### [Activity]
Copy out each line below verbatim, skipping any picture.

### [Provided data]
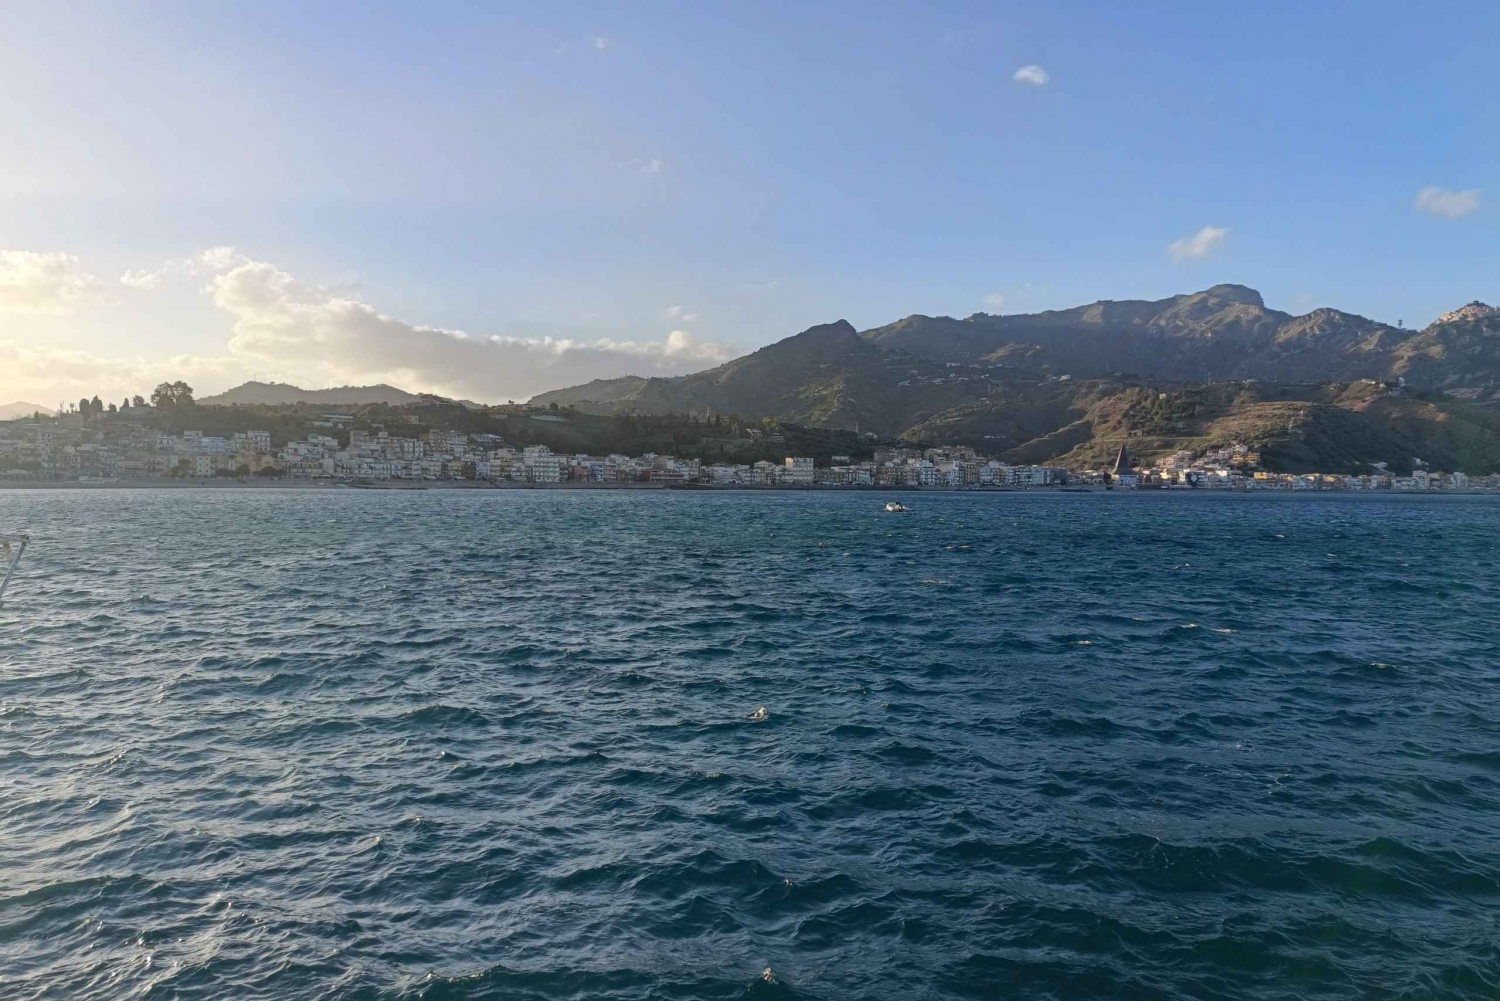 Gite in barca con osservazione dei delfini Taormina Giardini Naxos
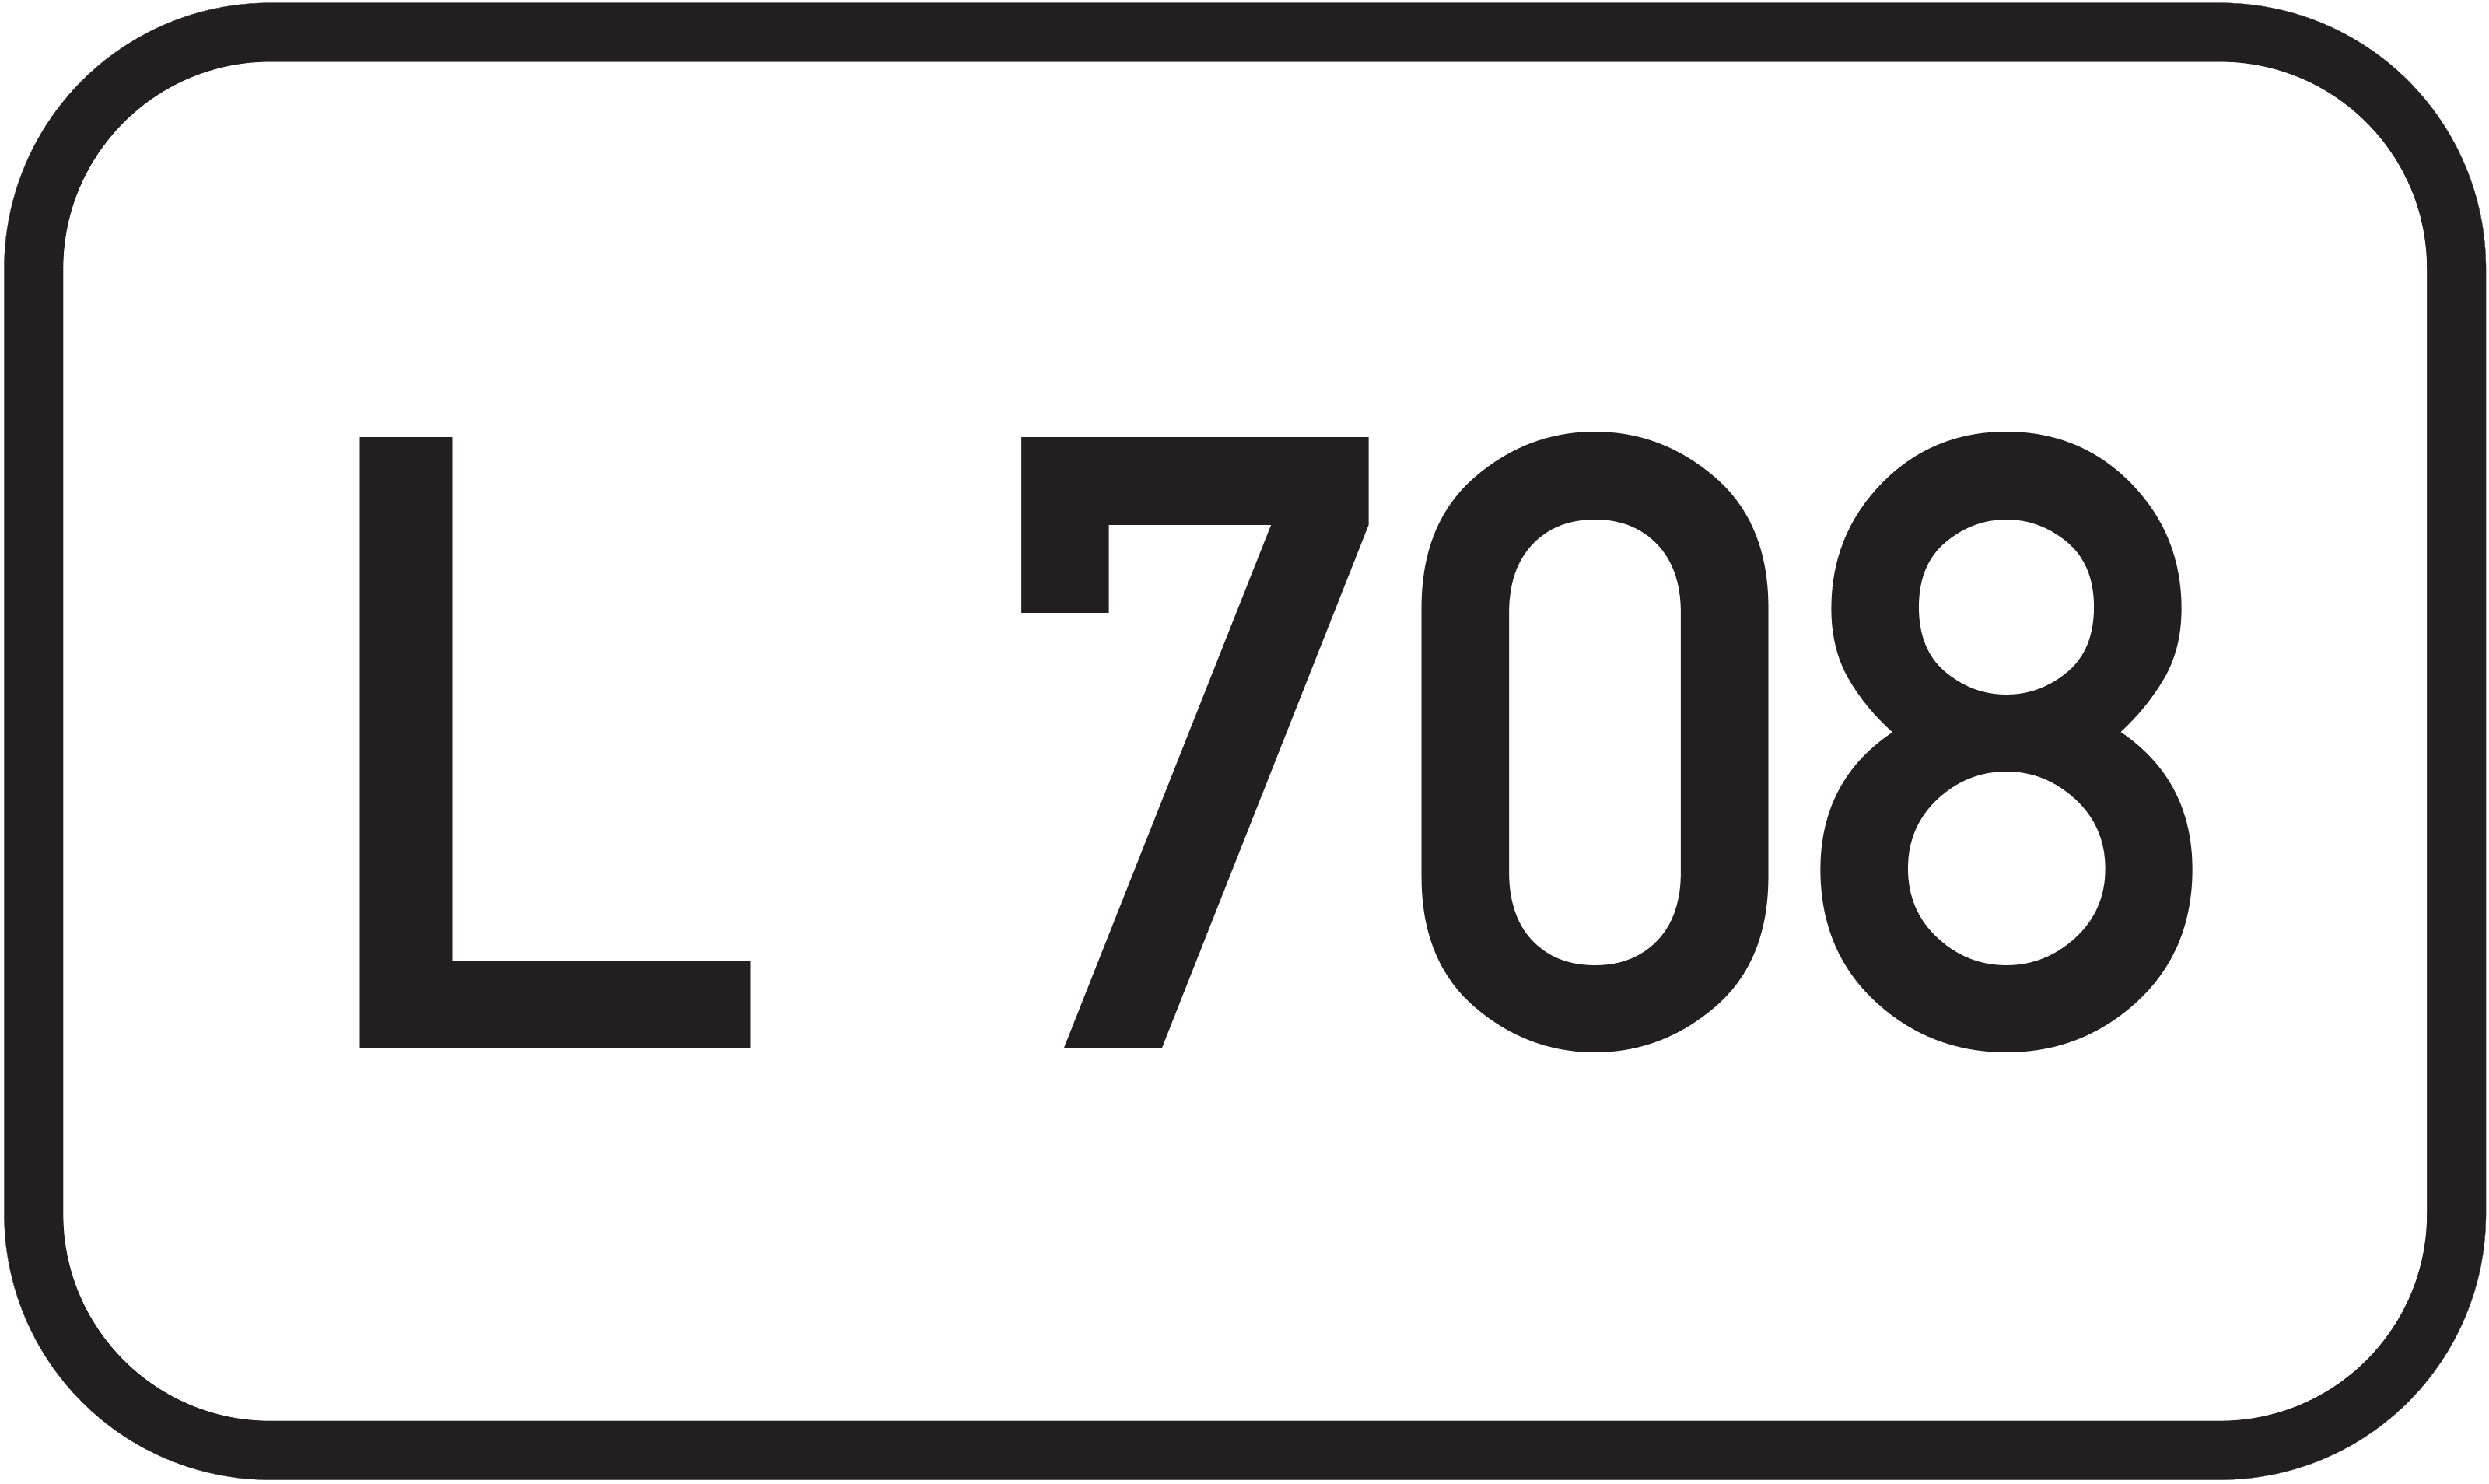 Landesstraße L 708
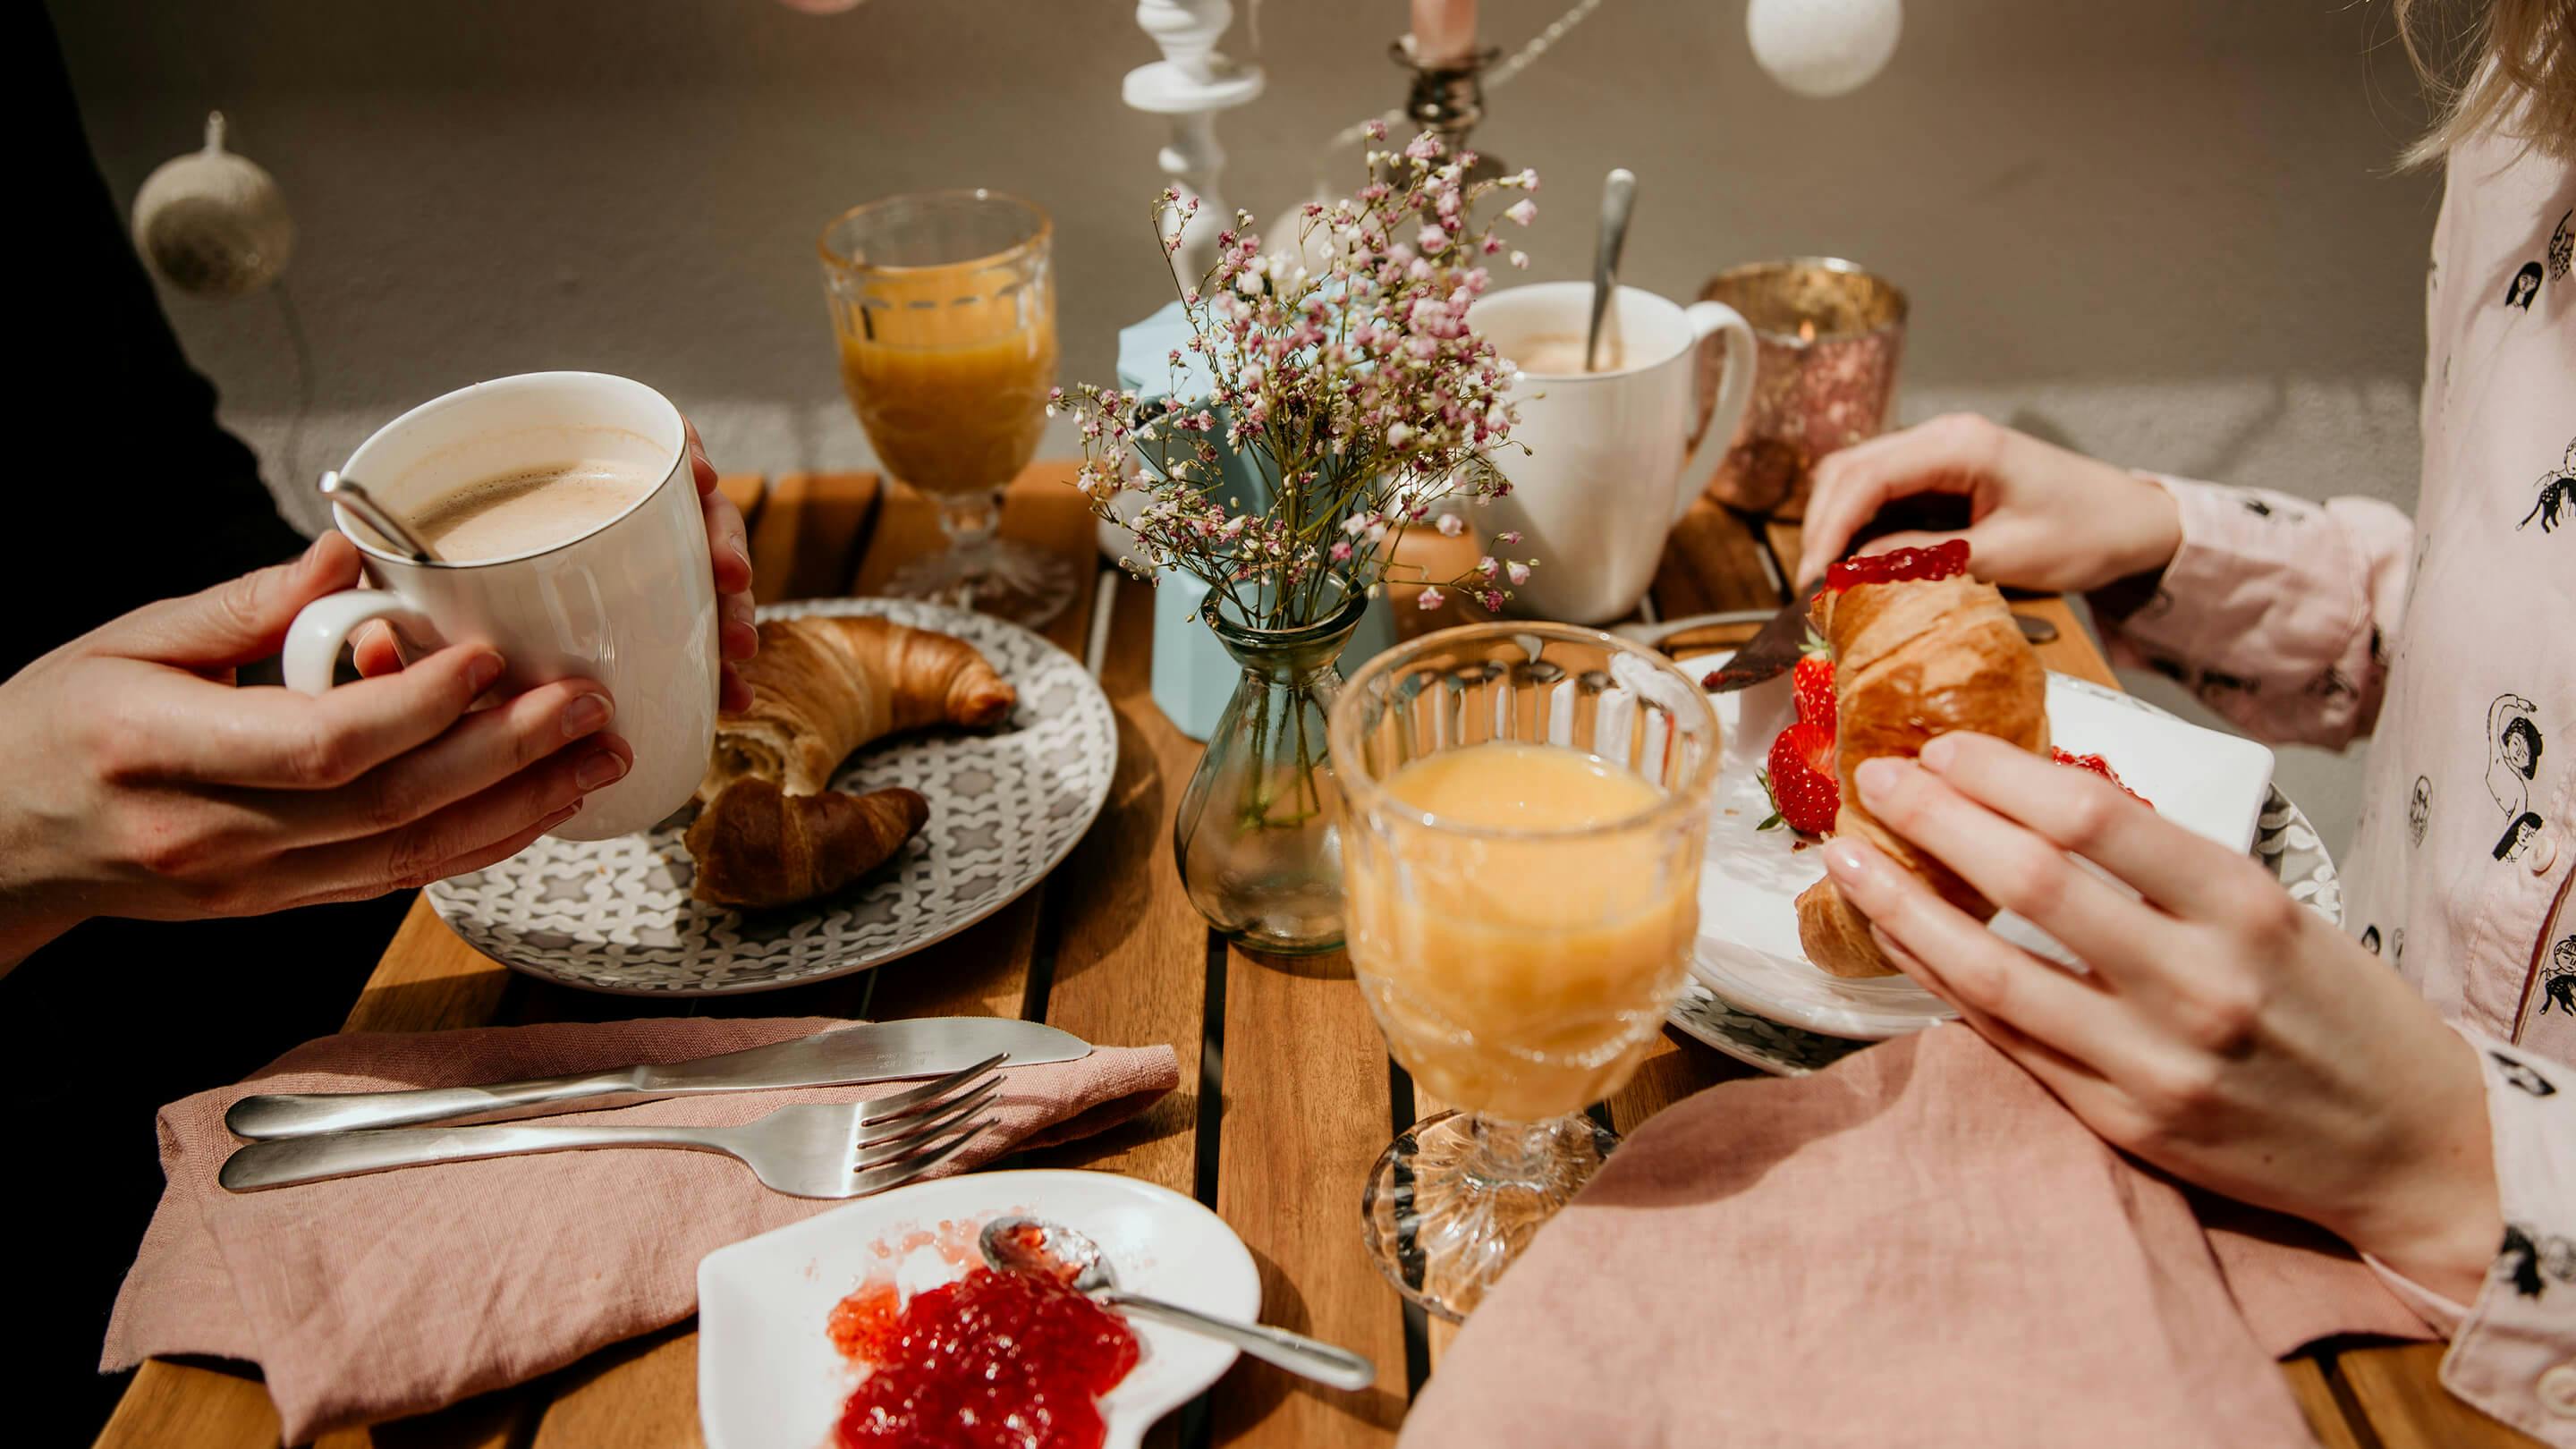 Gedeckter Balkontisch mit Frühstück: Croissants, Marmelade, Gläser mit Saft, Becher mit Kaffee etc. (Marke: Butlers).

### [Solution below]
 Gite in barca con osservazione dei delfini Taormina Giardini Naxos
 Landesstraße L 708
 Gedeckter Balkontisch mit Frühstück: Croissants, Marmelade, Gläser mit Saft, Becher mit Kaffee etc. (Marke: Butlers).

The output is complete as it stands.